Exercise data =>
────────────────
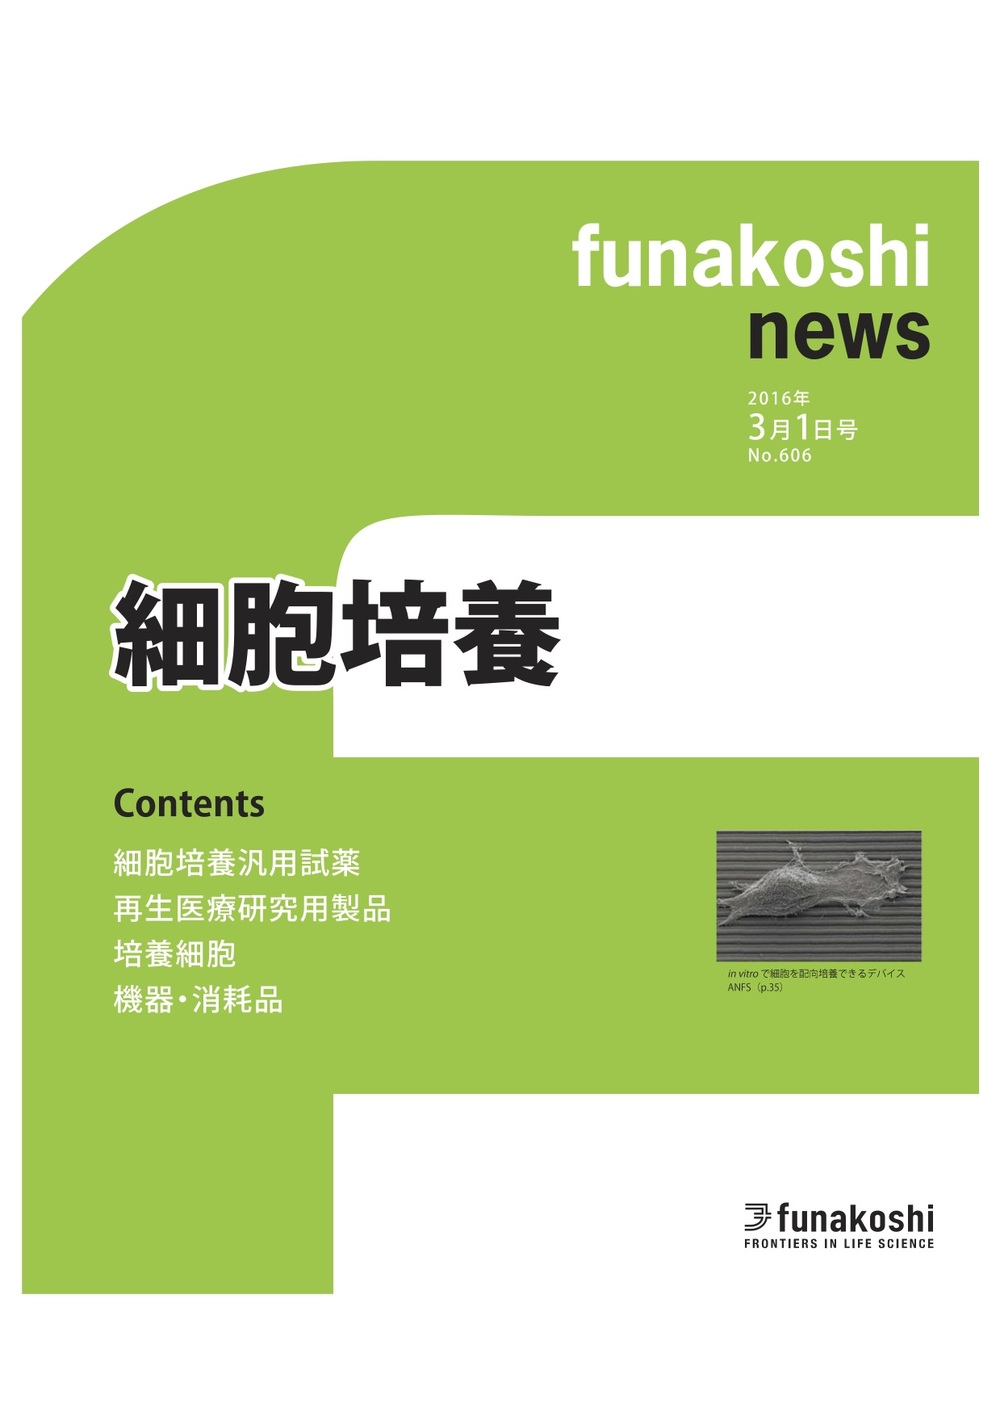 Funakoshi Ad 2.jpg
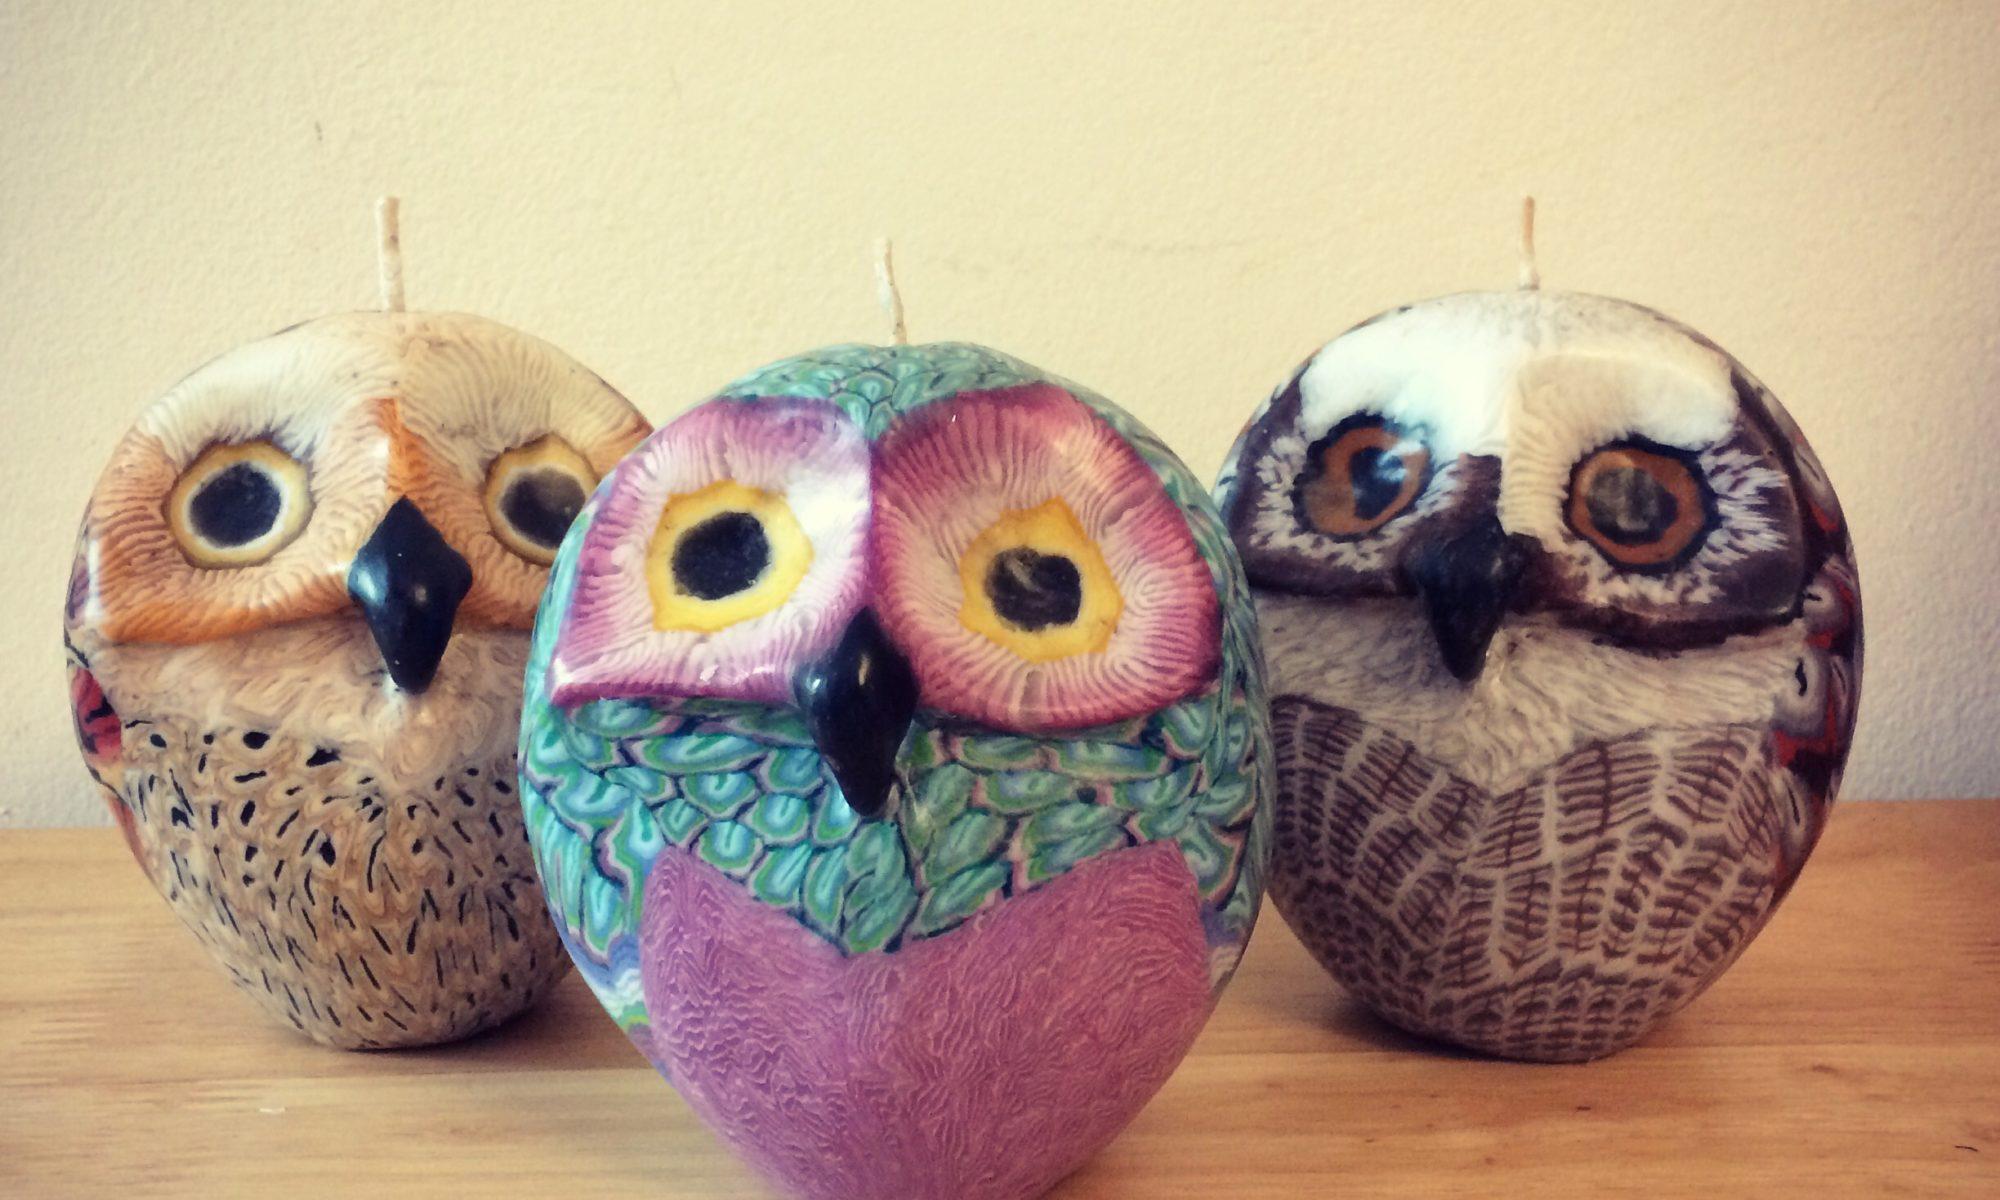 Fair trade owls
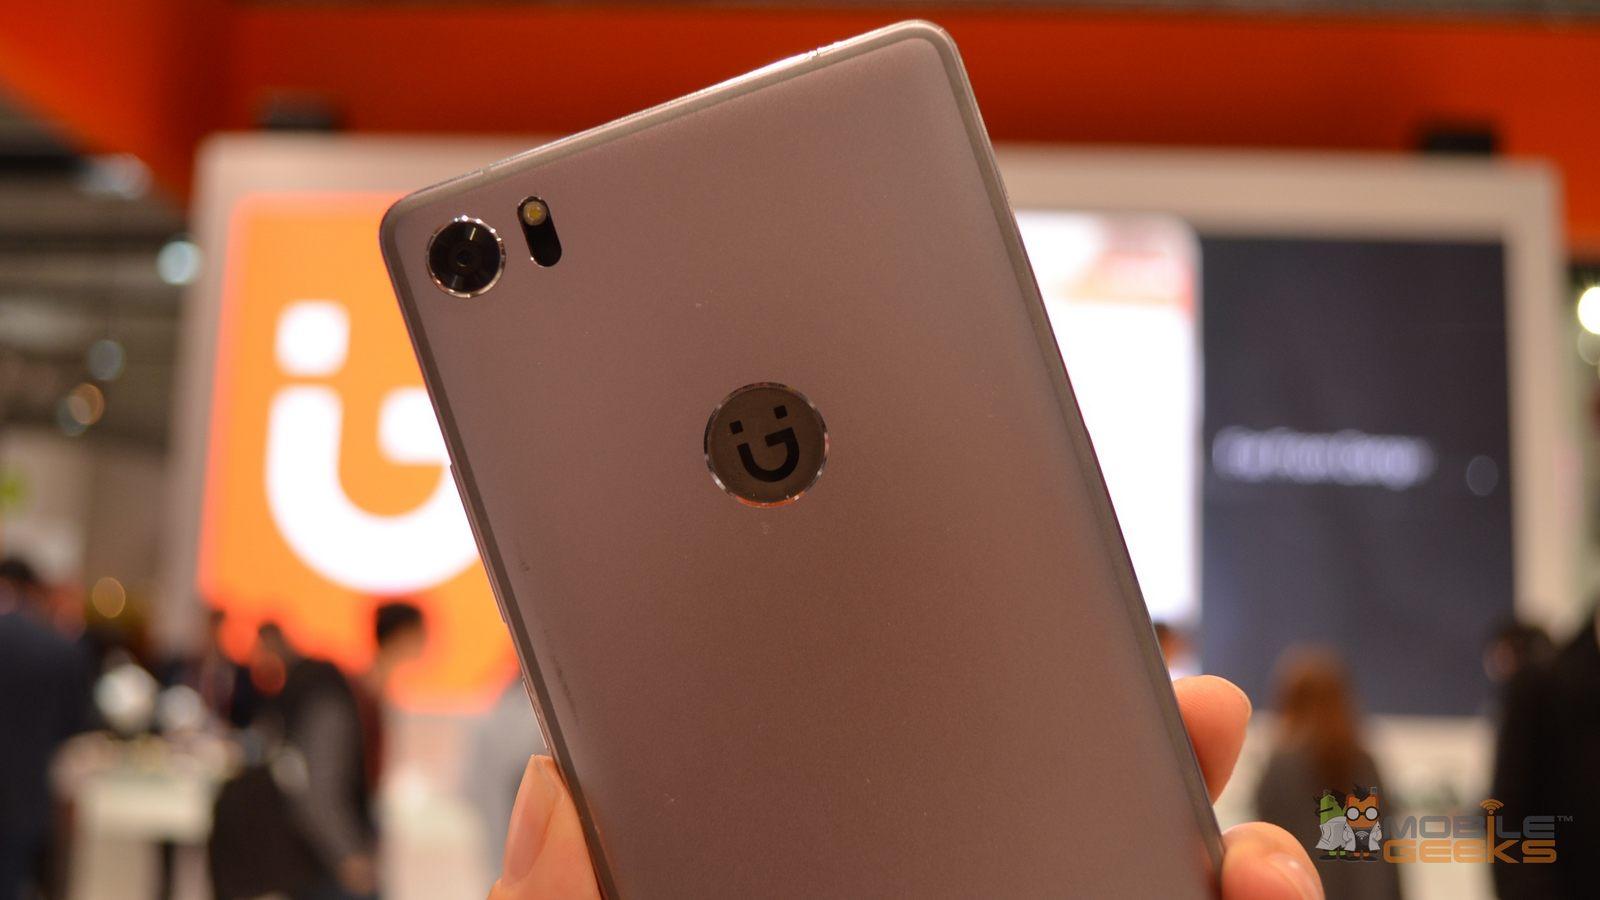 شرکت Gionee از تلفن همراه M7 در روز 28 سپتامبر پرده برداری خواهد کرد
────────────────
Task item =>
Give the data above again exactly. Leave the pictures out.

Result for this exercise =>
 Funakoshi Ad 2.jpg
 Fair trade owls
 شرکت Gionee از تلفن همراه M7 در روز 28 سپتامبر پرده برداری خواهد کرد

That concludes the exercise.